Other Guitar Clinic Spin-offs are the Peg Head (Mike Spicer's shop) and Lou's Music (Owned by Lou Furlanetto, George's brother).


----------



## faracaster (Mar 9, 2006)

Geez , contrary to other people's experience here. I would take a repair like that to no other place than the 12th Fret. They have done some incredible work for me there that far outdistance the problem you have. Including doing a very similar repair to a 54' Les Paul Custom I had so long ago. 
Just my 0.02 cents.

Pete


----------



## rippinglickfest (Jan 1, 2006)

*The Elitist Fret*



Metal#J# said:


> As far as repairs go, I've not had good luck at the 12th fret. They put a chip in my headstock with a file while fixing the nut on my PRS and tried to paint it without telling me.
> Not to mention there's sort of an elitist attitude among their employees.
> 
> Everytime I go in there I feel like:sport-smiley-002:


You know what.....................I called the 12th fret regarding fingerboard cracks and I got the same attitude on the phone. 
I'm having second thoughts about dealing with them.


----------



## Lemmy Hangslong (May 11, 2006)

Sorry to hear about your GM LP bro... my cousin is a vintage restoration and repair anything kinda guitar magician... unfortunatly he is not close to you. I've seen much worse than that be repaired to an almost un-noticable state. Keep every piece of the break and the right person will do magic... just make sure it's the right person... in other words take your time and get it done right the first time. Good Luck

Craig


----------



## bRian (Jul 3, 2006)

There is a guy in Cole Harbour, Nova Scotia who is a master at this type of repair; Zane O'Brien, owner of Legend Guitars. I had a crack repaired in an acoustic, he did a flawless job. He is definitely worth the cost of shipping. He is excellent to deal with. Send him some pics to get a quote for reference if anything else. He comes very highly recommended in my area.

http://www.legendguitars.com/navi.php


----------



## Robert1950 (Jan 21, 2006)

Guitars Canada Guy - could you please delete this thread. It causes me severe pain/heartache every time I see it.


----------



## GuitarsCanada (Dec 30, 2005)

Just think of the pain it is causing me


----------



## peter benn (Mar 29, 2007)

*just dropped my Gary Moore*

I've had good experiences with Capsule.

Peter


----------



## cougar2 (Mar 10, 2007)

Guitars Canada,
How far south do you want to go? I’m in Chatham and this kind of job is no problem. I can make that thing look like the axedent never happened! I get work (repairs) from as far as California to Nova Scotia. If you would like refrences, just let me know.
Dennis


----------



## GuitarsCanada (Dec 30, 2005)

Thanks for the offer.

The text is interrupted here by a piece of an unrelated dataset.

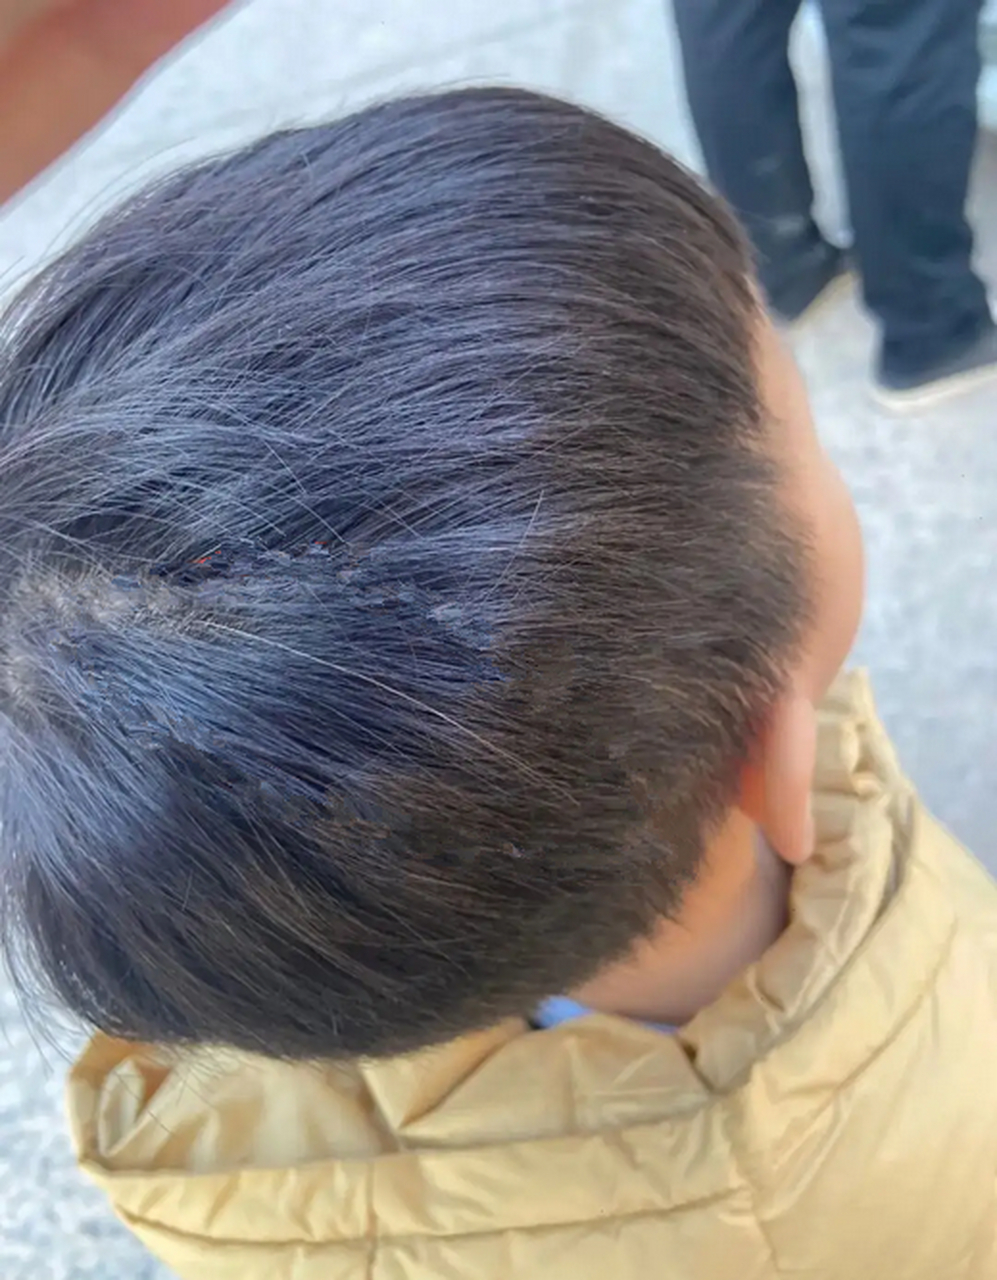 两岁的孩子有几根白发,怎么办?  宝宝出现白头发是正常的生理现象

Chatham is not out of the question. I drive to Michigan a few times a month for work, can always take a diversion.


----------



## dolphinstreet (Sep 11, 2006)

Oh man, what a bummer to drop it! Hope you can get it takencare of without it costing you a fortune.


----------



## cougar2 (Mar 10, 2007)

GuitarsCanada said:


> Thanks for the offer. Chatham is not out of the question. I drive to Michigan a few times a month for work, can always take a diversion.



If you do not get some one else to do the job and you want me to do it, Email me in advance for directions and to set up a time. Marc Beneteau will vouch for me, I have done some of his repairs also. Thanks,
Dennis

[email protected]


----------



## sh333 (Apr 6, 2006)

bubkusjones said:


> One of the techs from the Guitar Clinic opened his own shop "The Peghead".


The fellow's name is Mike Spicer and he is one of the best in the business IMHO. I would def. take it to him.

You can reach the shop at 905-972-9400 T F S 10am-6pm


----------



## mario (Feb 18, 2006)

....so this thread is pretty old, but did you ever get that beauty fixed? If yes, let's see some pics.


----------



## davetcan (Feb 27, 2006)

Didn't see this before but I had Dennis in Chatham (cougar2) do some work on my Schecter Tradition Strat and I couldn't have been more pleased. My Lester is about due for a refret and I'll definitely be giving him a call. If anyone does pay him a visit ask to see his acoustics, just stunning workmanship. If I recall correctly he has a pretty nice '69 or '70 Cougar


----------



## GuitarsCanada (Dec 30, 2005)

mario said:


> ....so this thread is pretty old, but did you ever get that beauty fixed? If yes, let's see some pics.


She's still sitting in her case, have not gotten around to getting it fixed. I needto get around to that, I miss playing it.


----------



## zontar (Oct 25, 2007)

I can relate to this story.

One winter I was walking outside with my classical (a Taro, it was in the case. I was teaching at the time.) I slipped on a patch of ice hidden under the snow and came down on my butt. My guitar case landed on the lid side. I wasn't hurt, just felt a little silly.
So when I got home, I put my guitar away and forgot about the fall. Teh next day I opened the case, and I had to shut it right away--I couldn't take it. The head stock had been sheared clean off the neck. I felt sick. I opened the case again--loosened the strings and saw the damage. Fortunately though, the break was a fairly clean break and looked easy to repair. 
A friend of mine was able to repair it. He also added a nice rosewood veneer to the face of the headstock with some abalone inlays. It still works.

As for the case? I got rid of it, and bought a sturdier one. (Think of the canage if I'd had a gig bag! I seriously am sickened by that thought.)

Hopefully your story also has a happy ending.


----------



## Maxer (Apr 20, 2007)

Hmmm... revisiting this thread is very timely for me, unfortunately. I have a Hamer LP doublecut type... gloss black, archtop, set neck, mahogany. Well I don't know how it happened but I see that the neck has two hairline cracks, one on either side of the neck, running diagonally down from the nut. Taking the advice of a fellow guitarist here at work, I loosened off the strings so I could remove the truss rod cover and then slide the nut out of the way... I was hoping they were only finish cracks (they're pretty thin and subtle). Well, surprise surprise. It's cracked in the wood. I'm thinking someone in the house knocked it over (it's been standing in the corner in a gig bag for awhile - stupid me for not properly taking care of it like I usually do). Either that or it had the cracks all along and I simply hadn't been observant enough. I think it's the former but whatever... what's done is done. Total drag!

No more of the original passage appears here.